Templates are slow (to build)
Templates were introduced to C++ in order to help make parts of the code generic with respect to type. For example, the supplied vector type in C++ is a template type, meaning that we can store multiple different types of objects in the same data structure. This allows us to seperate two concerns: the way the object is stored and how it works, which partitions complexity for our minds.
Templates reduce the number of lines of code in our programs. They are harder to understand when reading them later, but the bigger disadvantage is that they slow down build time. The compiler has to effectively copy all the code each time for each template and do a lot of processing in order to produce efficient executables out of them.
By cutting out all the templates from my code (including all uses of the C++ Standard Template Library), I’ve cut down the full build time of the entire game to about 4 seconds. With a debug loop as short as this, I barely have time to sip my tea before I’m testing the code I just wrote, and I can change headers without having to wait 10 minutes for a new build to compile.
Encapsulation can be unhelpful
Encapsultation is the packing of functions and data into one component. It is one of the fundamental concepts behing Object Oriented programming.
Much of encapsulation in C++ (and other OO languages) is promoted through the use of classes with private members to hide data from outside code.
Promoting encapsulation is held up as a pillar of good code design. However, I think we might be doing encapsulation wrong. I don’t think encapsulation should be at the class or method boundary, but at the data boundary.

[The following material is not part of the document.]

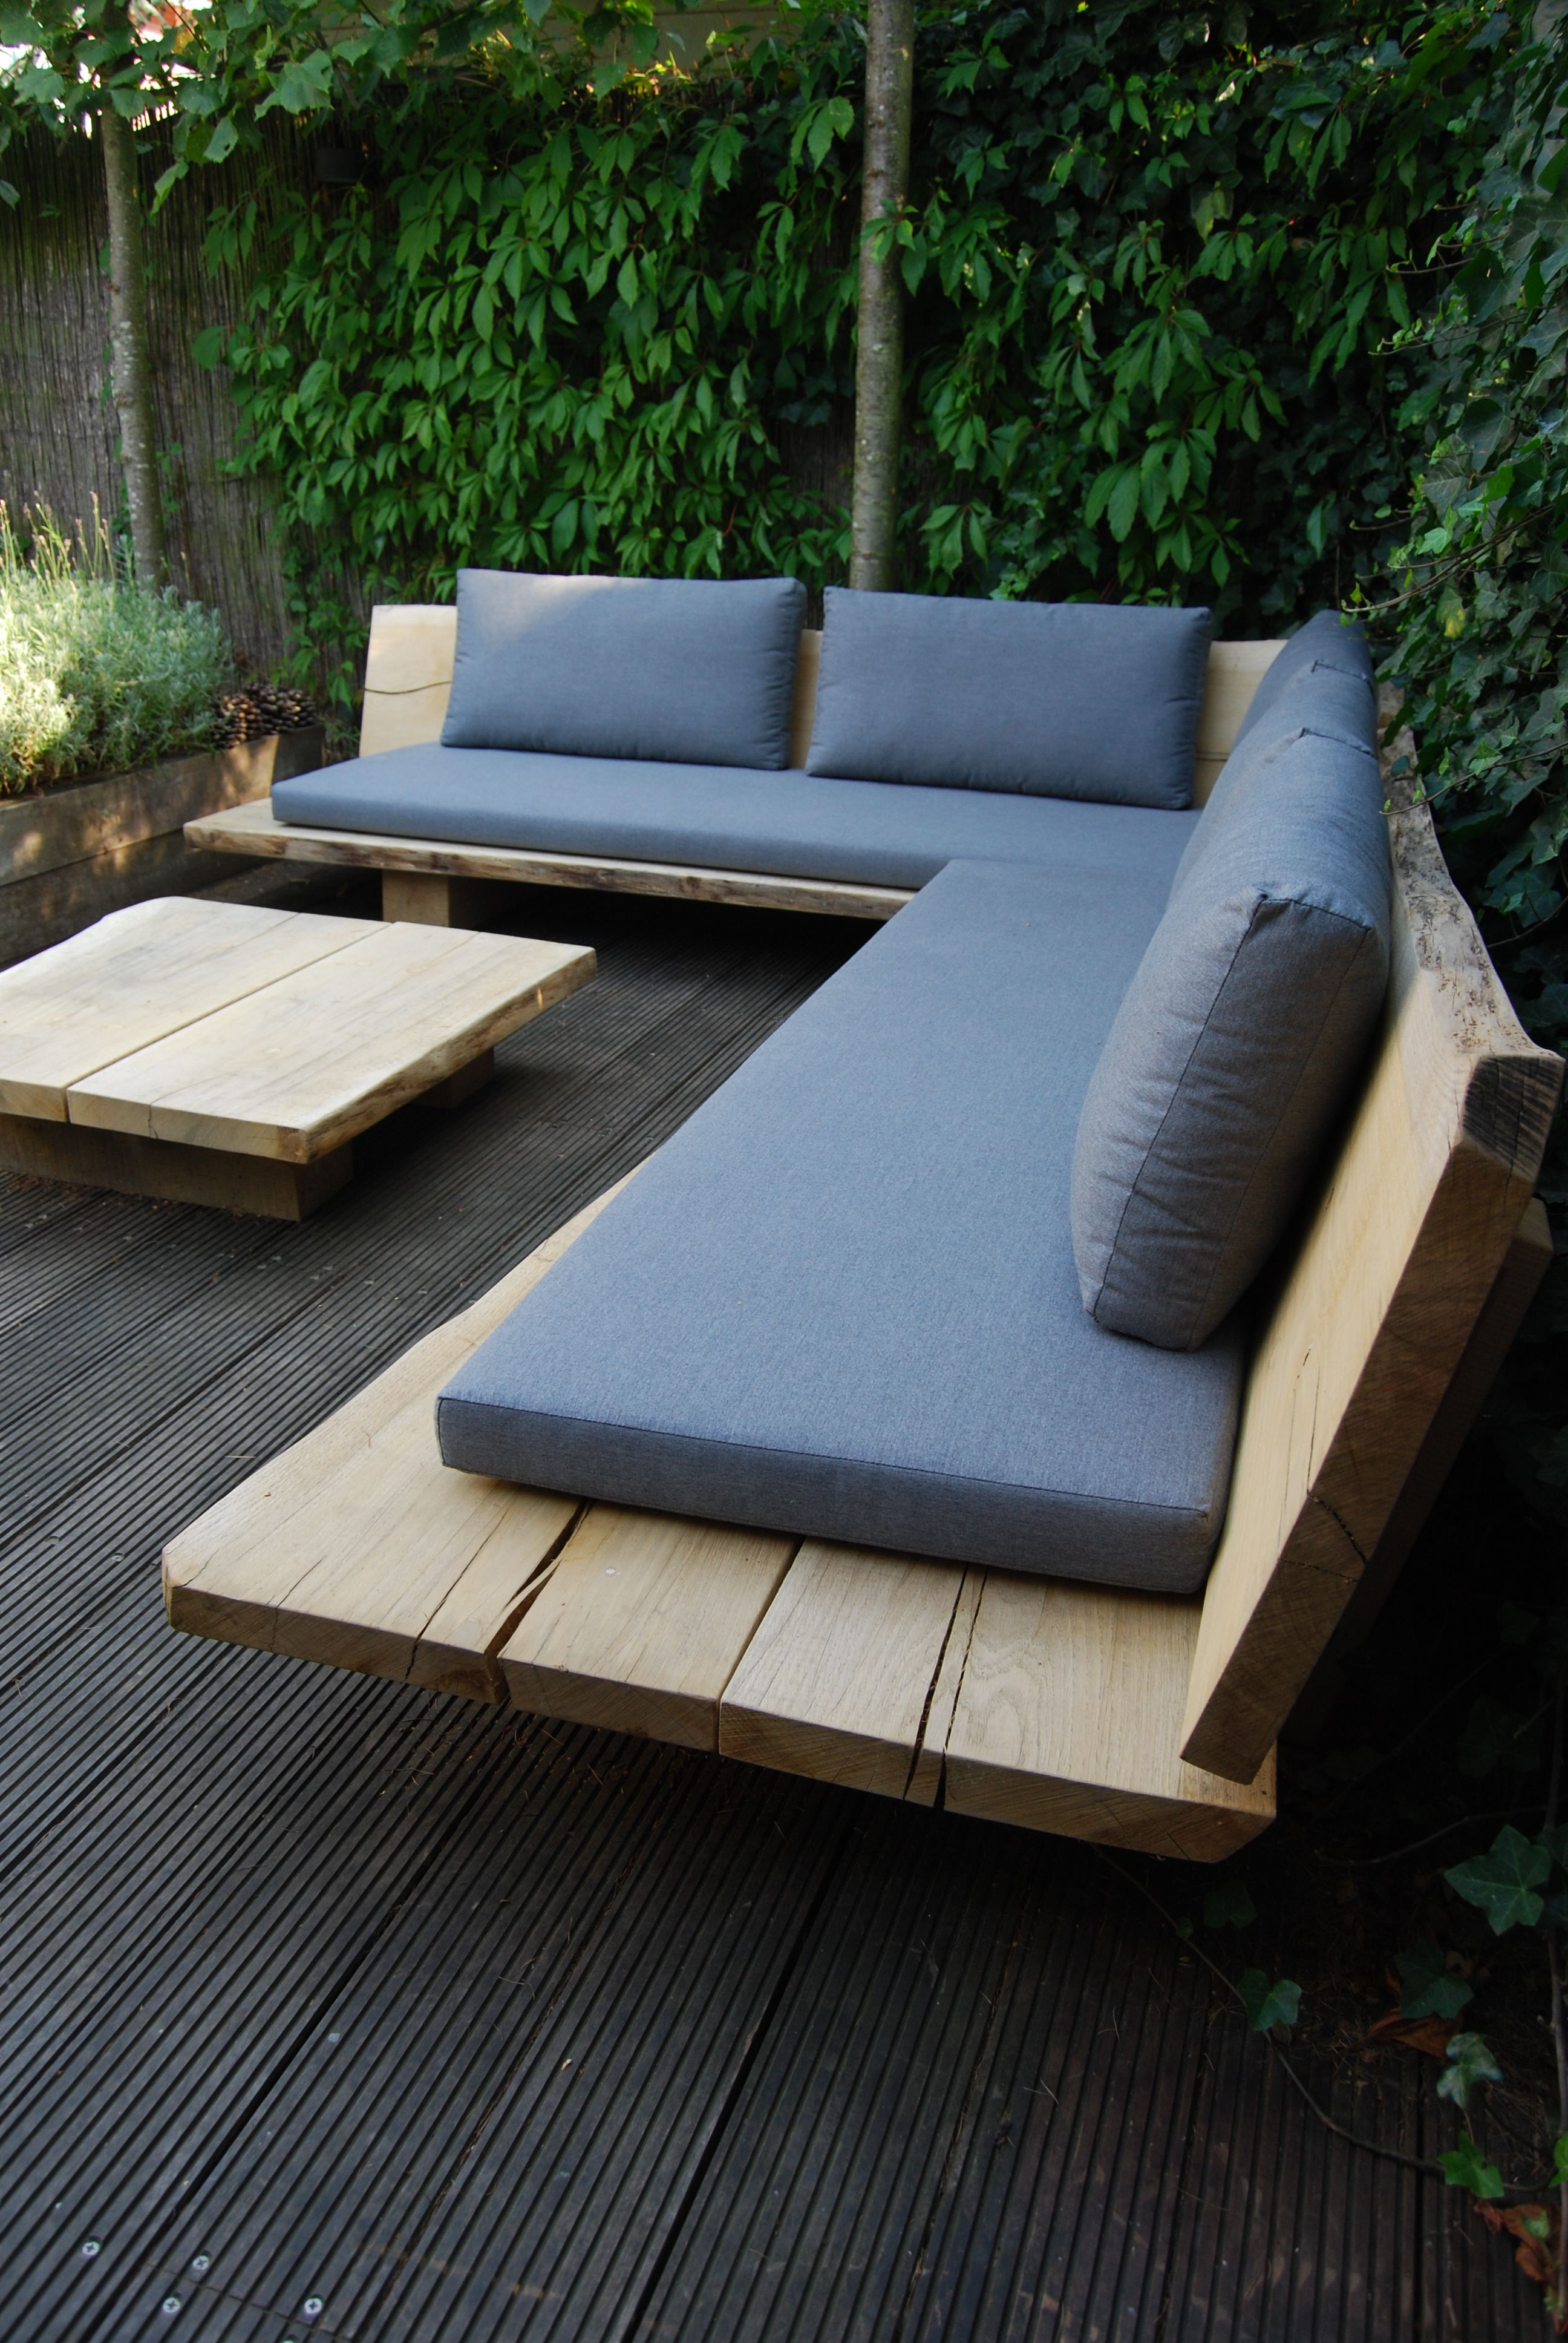 Garden Banch Design Seating Outdoor Couch

Essentially I’m advocating a switch from this style of coding:
To this style:
It’s important to get our architecture right. We encapsulate concepts in the correct sections of our program and ensure data flows well through the various pieces. If we use simple value objects (perhaps arrays of data) as the handoff between different sections of our program, calling methods that transform data between different types, then our code becomes more isolated and easier to reason about. It’s also far easier to parallelise.
Incorrect encapsulation is worse than no encapsulation at all. Hiding data behind code limits what the calling code can do. Those constraints can be helpful, but they can also hinder us. If we get the architecture right and use data structures to provide bounded contexts to our code, rather than layers of method abstraction, then we have less need to hide our data from others.
By rearchitecting my application to not require callbacks at all, I’ve made it simpler to test and debug. There’s less code reuse, but inevitably the concepts I thought were duplicated were actually subtly different. I’m also treating the data in batches, looping through arrays of small amounts of data rather than arrays of objects. Rather than one big loop bouncing up and down the layers of abstraction for each object (exacerbating the method call overhead, which is further increased if we are using virtual methods), I have multiple loops doing one small stage of data transformation each time.
There are no methods in classes: it’s all public structs and functions. I still have encapsulation, because each stage of data transformation is distinct from the others, but I’ve no need to hide my data behind code.
There are some bits of C++ I find useful. Operator overloading is helpful to clean up verbose code, for example. I still compile my ‘mostly C’ code using a modern C++ compiler.
It’s the paradigms that C++ promotes and supports through its language features that aren’t for me, and I’ve doubled the speed of my code as a result.